= Weiler–Atherton clipping algorithm =

Polygon clipping algorithm

The Weiler–Atherton is a polygon-clipping algorithm. It is used in areas like computer graphics and games development where clipping of polygons is needed. It allows clipping of a subject or candidate polygon by an arbitrarily shaped clipping polygon/area/region.

It is generally applicable only in 2D. However, it can be used in 3D through visible surface determination and with improved efficiency through Z-ordering.

== Preconditions ==

Subdivision with the Weiler-Atherton algorithm

Before being applied to a polygon, the algorithm requires several preconditions to be fulfilled:

- Candidate polygons need to be oriented clockwise.
- Candidate polygons should not be self-intersecting (i.e., re-entrant).
- The algorithm can support holes (as counter-clockwise polygons wholly inside their parent polygon), but requires additional algorithms to decide which polygons are holes, after which merging of the polygons can be performed using a variant of the algorithm.

== Algorithm ==
Given polygon A as the clipping region and polygon B as the subject polygon to be clipped, the algorithm consists of the following steps:
1. List the vertices of the clipping-region polygon A and those of the subject polygon B.
2. Label the listed vertices of subject polygon B as either inside or outside of clipping region A.
3. Find all the polygon intersections and insert them into both lists, linking the lists at the intersections.
4. Generate a list of "inbound" intersections – the intersections where the vector from the intersection to the subsequent vertex of subject polygon B begins inside the clipping region.
5. Follow each intersection clockwise around the linked lists until the start position is found.

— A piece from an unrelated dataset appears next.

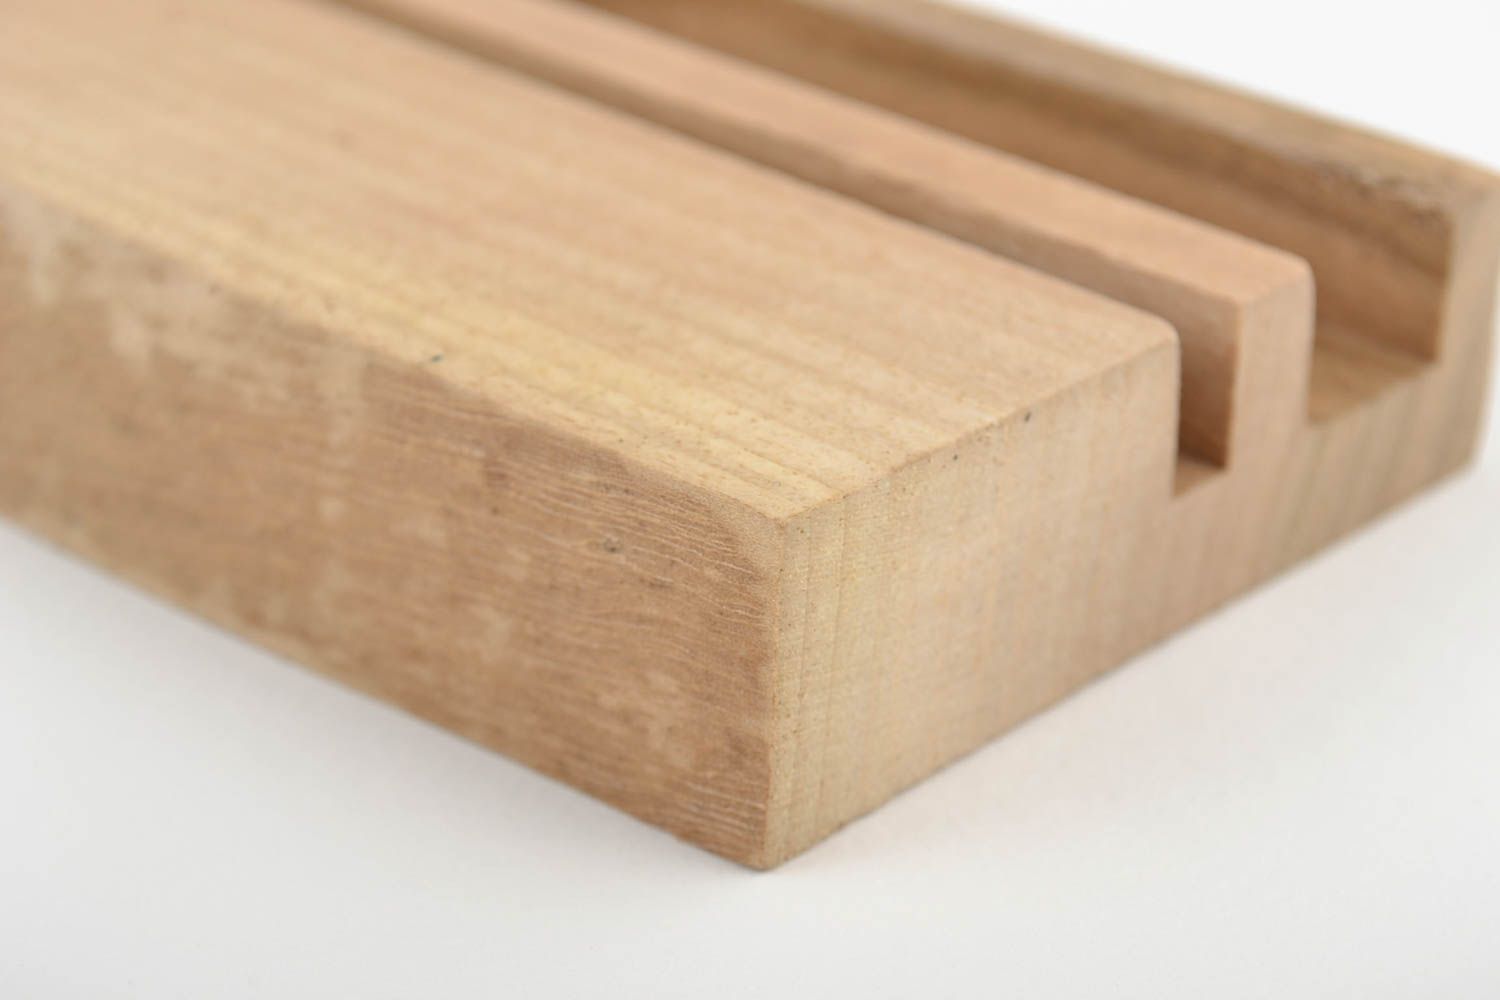 Small desktop wooden varnished tablet stand designer holder for gadgets  photo 2

If there are no intersections then one of three conditions must be true:
1. A is inside B – return A for clipping, B for merging.
2. B is inside A – return B for clipping, A for merging.
3. A and B do not overlap – return None for clipping or A & B for merging.

== Conclusion ==
One or more concave polygons may produce more than one intersecting polygon. Convex polygons will only have one intersecting polygon.

The same algorithm can be used for merging two polygons by starting at the outbound intersections rather than the inbound ones. However this can produce counter-clockwise holes.

Some polygon combinations may be difficult to resolve, especially when holes are allowed.

Points very close to the edge of the other polygon may be considered as both in and out until their status can be confirmed after all the intersections have been found and verified; however, this increases the complexity.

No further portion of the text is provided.